PLE and Metformin treatments inhibited overeating, body weight loss, and FBG level in diabetic rat model. Food intake (A), water intake (B), body weight (C), and FBG level (D) were measured at 0, 4, and 8 weeks. Data are expressed as mean ± SEM (n = 7 for each group). aa p < 0.01, a p < 0.05 for Model, Met, L, and H vs. NC. bb p < 0.01, b p < 0.05 for NC, Met, L, and H vs. Model. ns: no significance.

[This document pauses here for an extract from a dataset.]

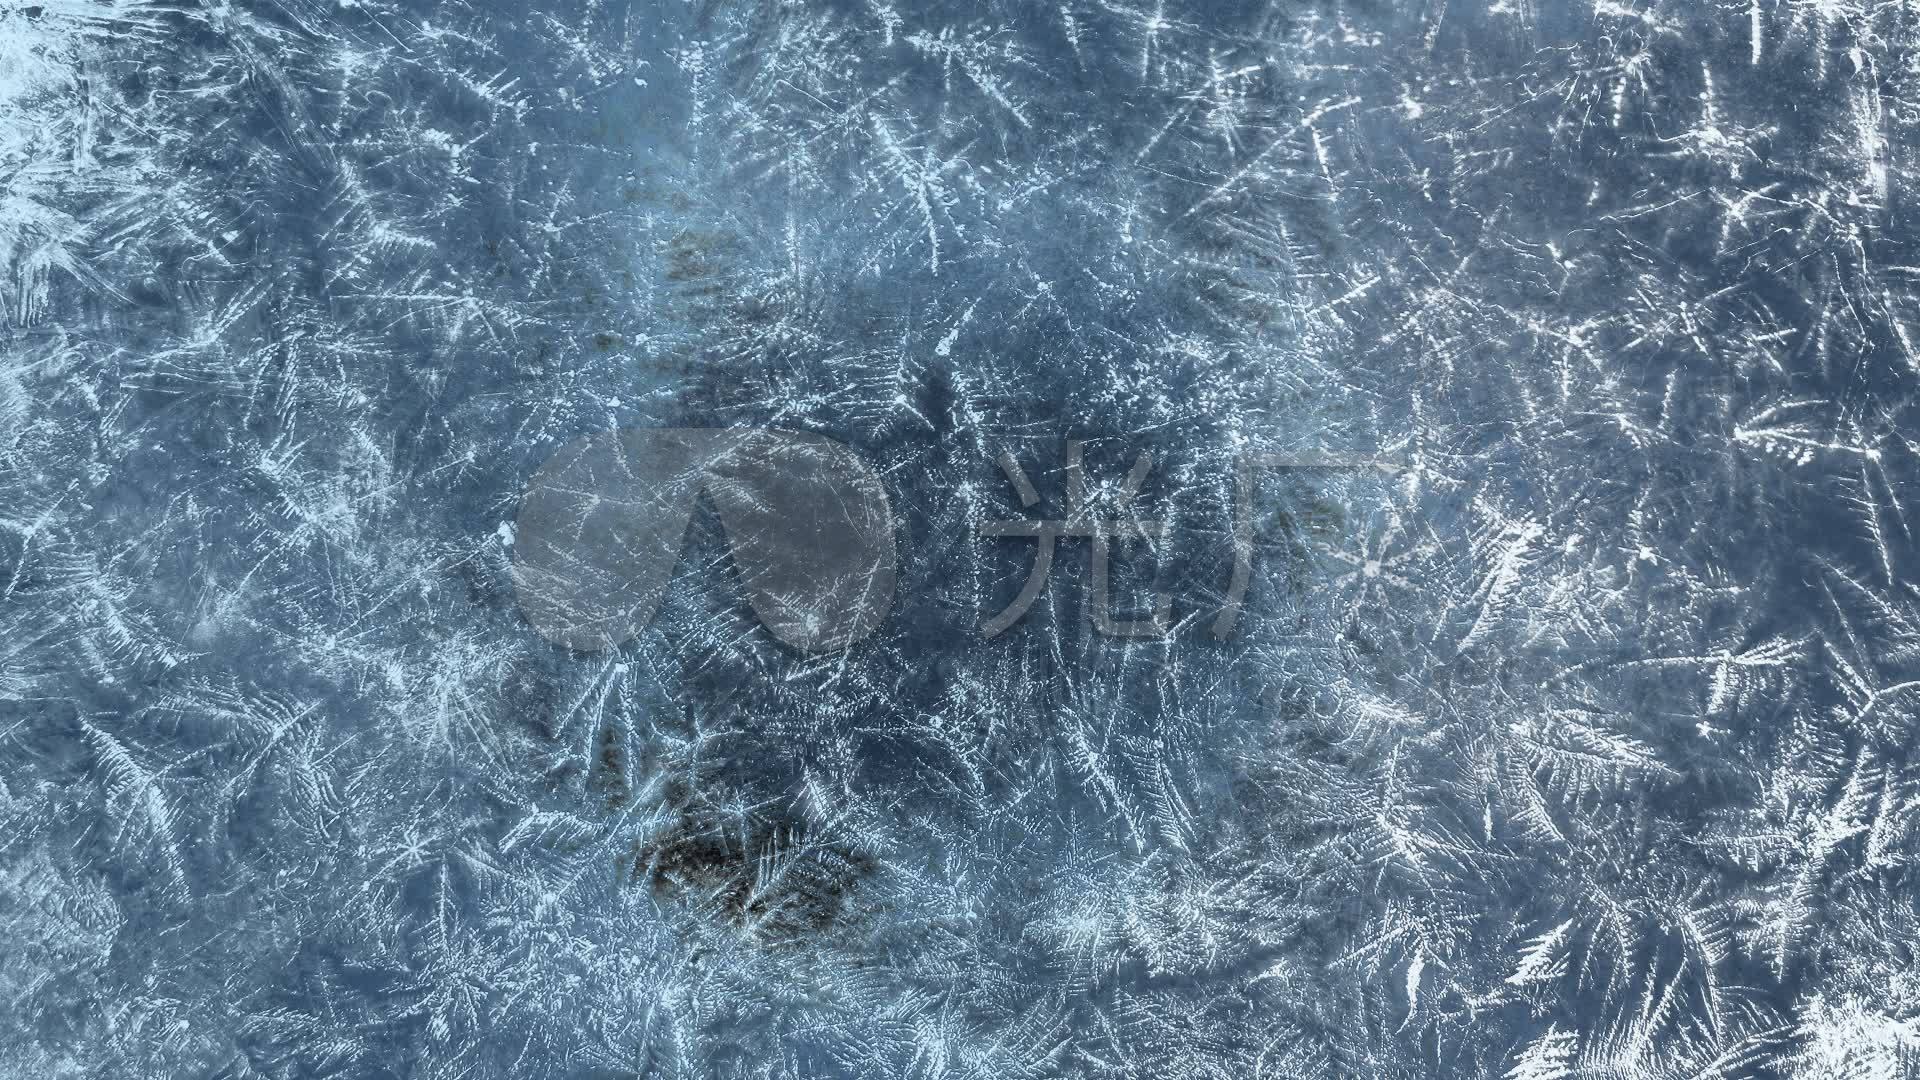 寒冷冰封的湖面图片 - 25H.NET壁纸库

3.3. PLE and Metformin Treatments Reduced Glycosylated Serum Protein (GSP) Level, and Improved Insulin Resistance and Promoted Hepatic Glycogen Storage

Hypoglycemic effects of Met and PLE were evaluated by measuring GSP and serum insulin levels in the experimental groups. Changes in GSP level reflect fluctuations of blood glucose level. GSP level at week 8 was significantly (p < 0.05) higher for Model group than for NC group (Figure 2A). Average GSP levels in Met and PLE groups were higher than in NC group, but the difference was not significant (p > 0.05). GSP levels in Met, L, and H groups were significantly (p < 0.05) lower than in Model group, indicating a preferable hypoglycemic effect of PLE.

Figure 2

PLE and metformin treatments reduced glycosylated serum protein (GSP) level, and improved insulin resistance and promoted hepatic glycogen storage. Serum GSP level (A), insulin (B), HOMA-IR (C), and hepatic glycogen content (D). Statistical procedures and notations as in Figure 1.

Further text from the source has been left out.